The physician-patient relationship is unique and depends upon trust and confidence between the parties for the provision of care. Physicians are entitled to end the physician-patient relationship under certain circumstances. Each situation is ultimately fact-specific. Physicians are expected to apply good clinical judgment and compassion in each case to determine the most appropriate course of action.

The document intends to clarify what is expected of physicians when ending a physician-patient relationship in circumstances other than the physicians’ retirement, relocation, leave of absence or disciplinary action.

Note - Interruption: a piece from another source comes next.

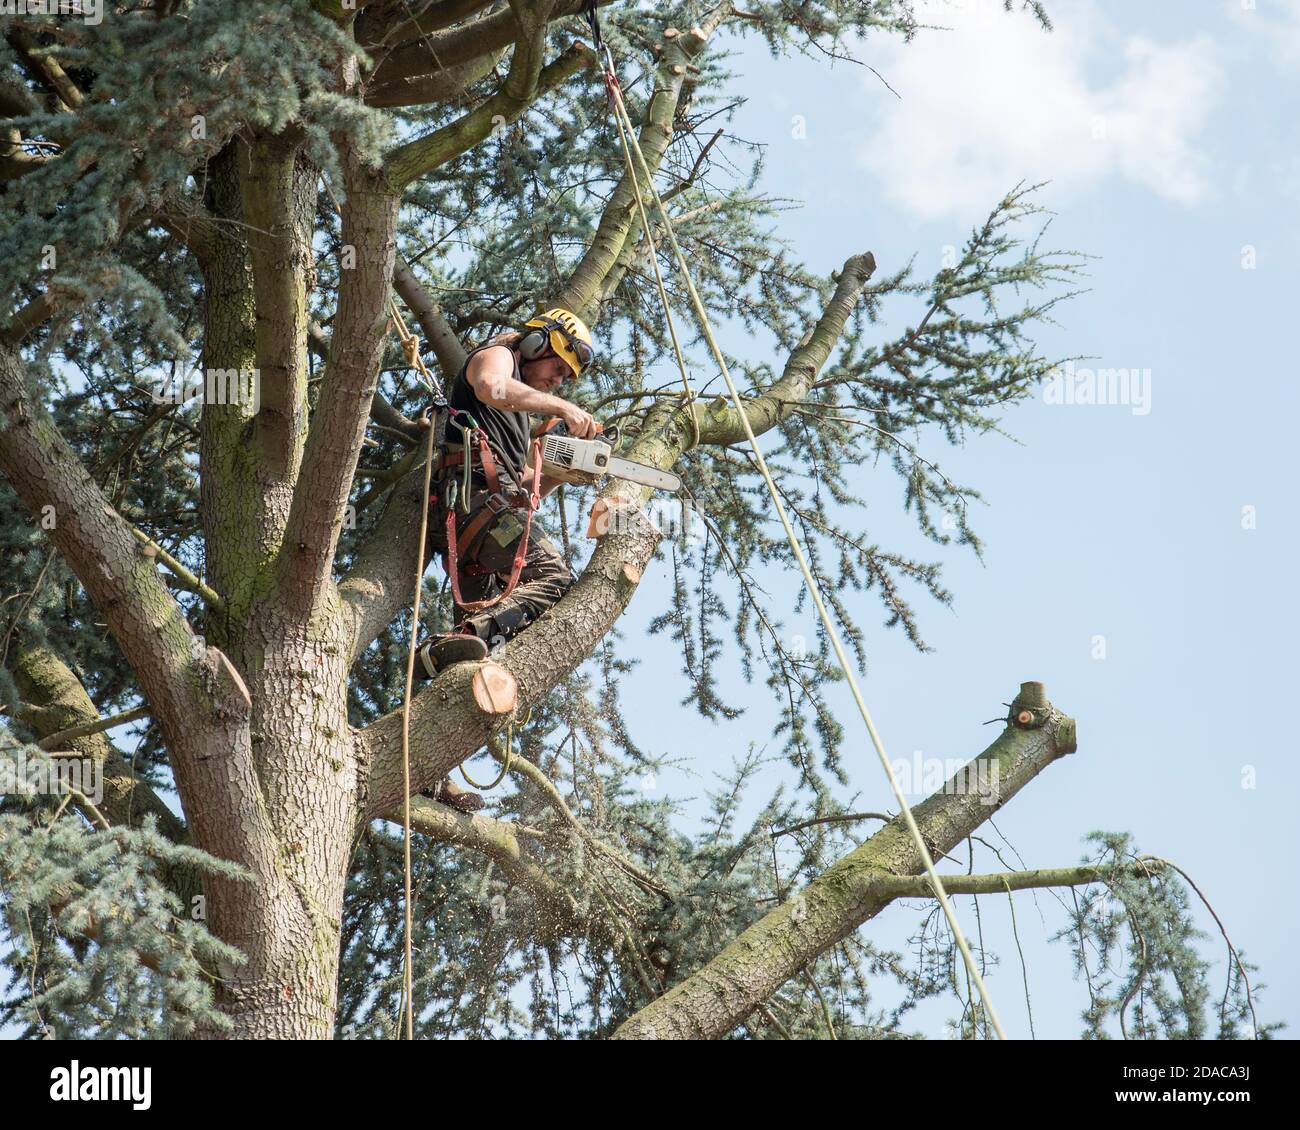 Tree Surgeon or Arborist cutting branches off a tree. Stock Photo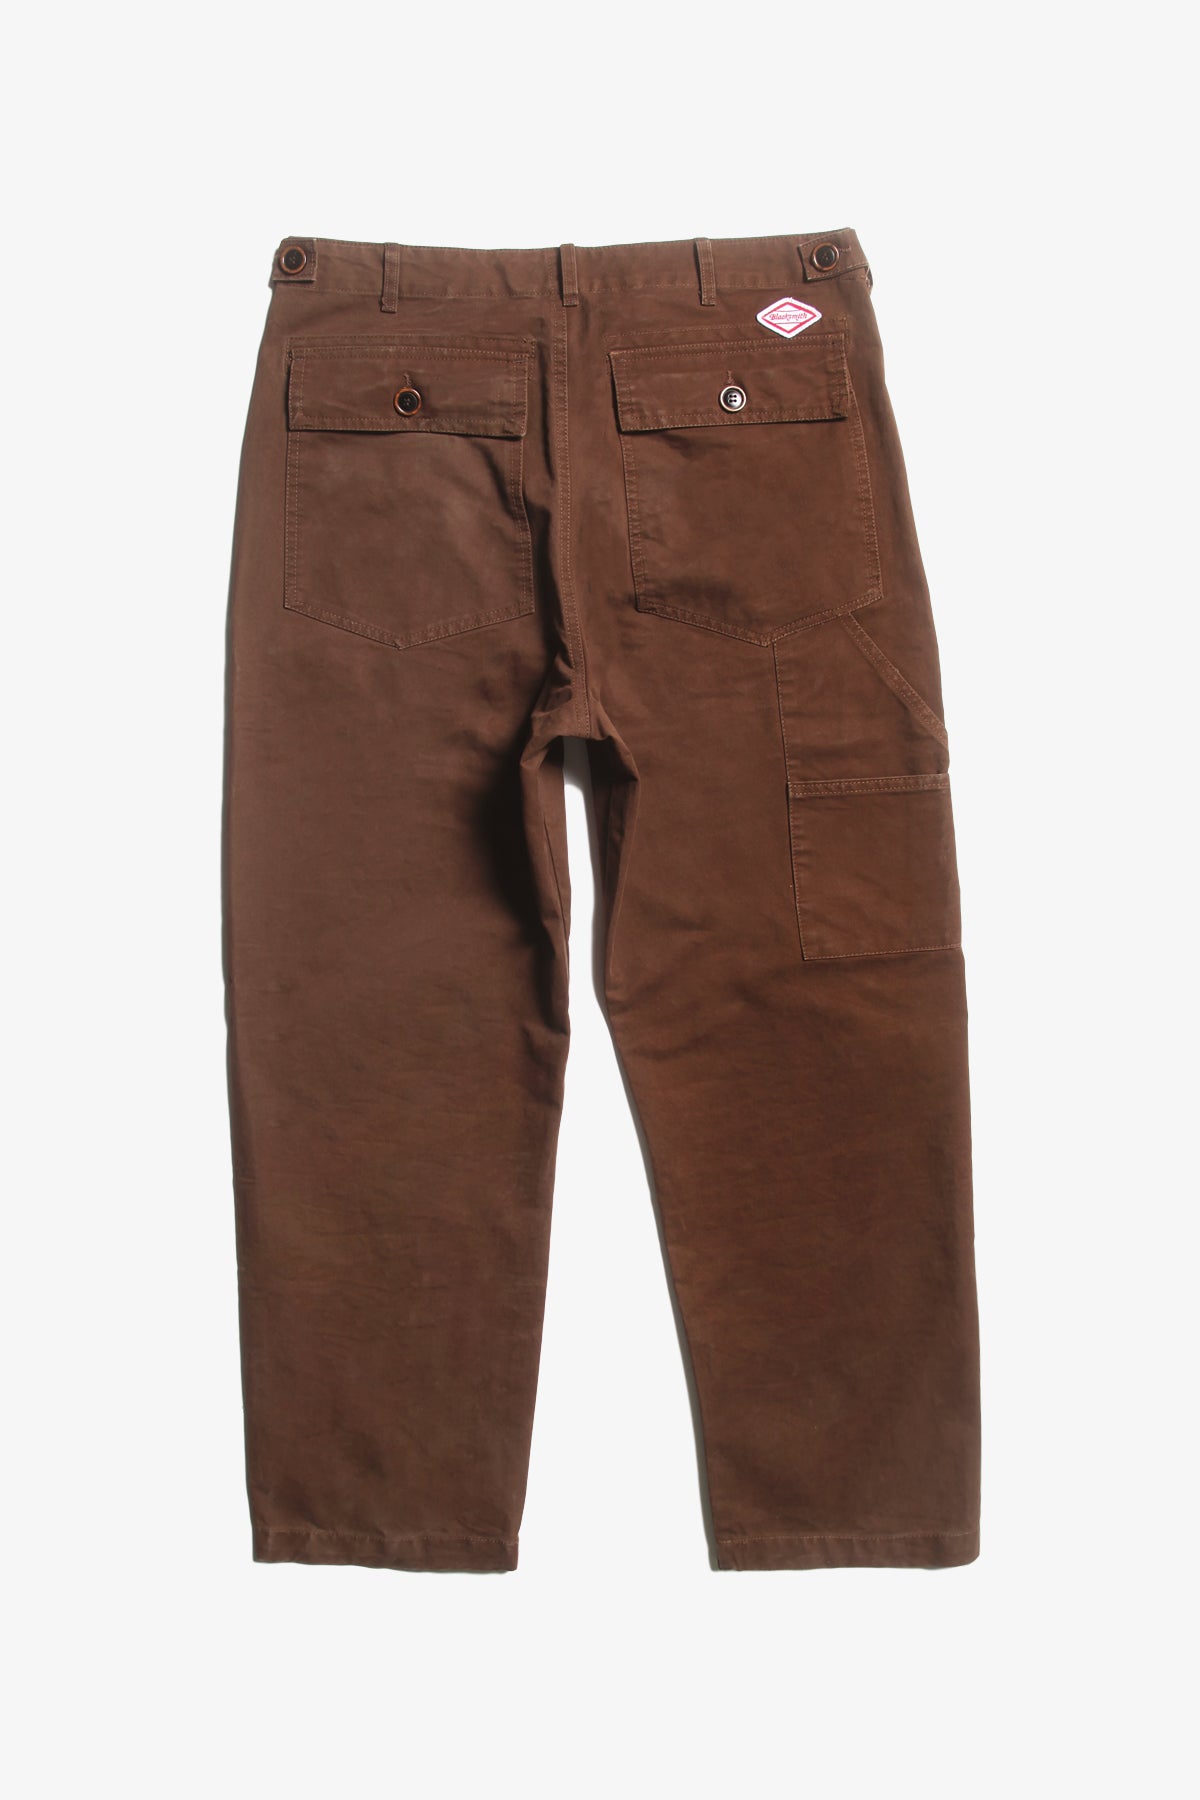 Blacksmith - Sowing Field Pants - Brown | Blacksmith Store

Physicians are required to abide by all relevant Human Rights legislation.

Principles

  1. Physicians have a duty to act in the best interests of their patients.
  2. An effective doctor-patient relationship is necessary for the provision of quality health care.
  3. Patients are entitled to be treated with respect and without discrimination during all stages of the physician-patient relationship, even if the relationship faces termination.

Professional Standard

1. A physician must have reasonable grounds for discharging a patient from his or her medical practice and document those reasons in the patient’s record.

 

2. A physician must not discharge a patient:

  1. based on a prohibited ground of discrimination as identified in the Nova Scotia Human Rights Act, 2012 as follows: age, race, colour, religion, creed, sex, sexual orientation, gender identity, gender expression, physical or mental disability, an irrational fear of contraction an illness or disease, ethnic, national or aboriginal origin, family status, marital status, source of income, political belief, affiliation or activity, and an individual’s association with another individual or class of individuals having characteristics aforementioned;
  2. because a patient makes poor lifestyle choices (such as smoking);
  3. because a patient fails to keep appointments or pay outstanding fees unless advance notice has been given to the patient;
  4. because the patient refuses to follow medical advice, unless the patient is repeatedly non-adherent despite reasonable attempts by the physician to address the non-adherence; or
  5. because the physician relocated his or her practice to a new location to which current patients could be reasonably expected to follow.

 

3. When unilaterally terminating a relationship with a patient, a physician must:

  1. give advance written notice of intention to terminate care and provide a timeline that is commensurate with the continuing care needs of the patient,
  2. advise the patient of the reasons for termination of the physician-patient relationship unless disclosure of the reasons could be expected to:
    1. result in immediate and grave harm to the patient’s mental or physical health or safety;
    2. threaten the mental health and physical health or safety of another individual; or
    3. pose a threat to public safety.
  3. ensure continuity of follow-up care for outstanding investigations and serious medical conditions prior to the termination date or arrange transfer of care to another physician;
  4. provide or arrange for care until the termination of care; and
  5. establish a process for transfer of the patient’s medical information in response to future requests by the patient or an authorized third party.

 

Guidelines

4. Notwithstanding 2 (e), a physician may terminate a patient relationship if:

  1. the physician is changing scope of practice such that current patients would no longer fit within the new scope; or
  2. a relocation occurs more than twelve (12) months after closing an earlier practice.

 

5. Notwithstanding subsection (3), a physician may immediately discharge a patient if:

  1. the patient poses a safety risk to office staff, other patients or the physician;
  2. the patient commits fraud, such as for the purpose of obtaining narcotics or other drugs;
  3. the patient is abusive to the physician, staff or other patients;
  4. the patient fails to respect reasonable professional boundaries, or
  5. the physician is leaving medical practice because of personal illness or other urgent circumstances.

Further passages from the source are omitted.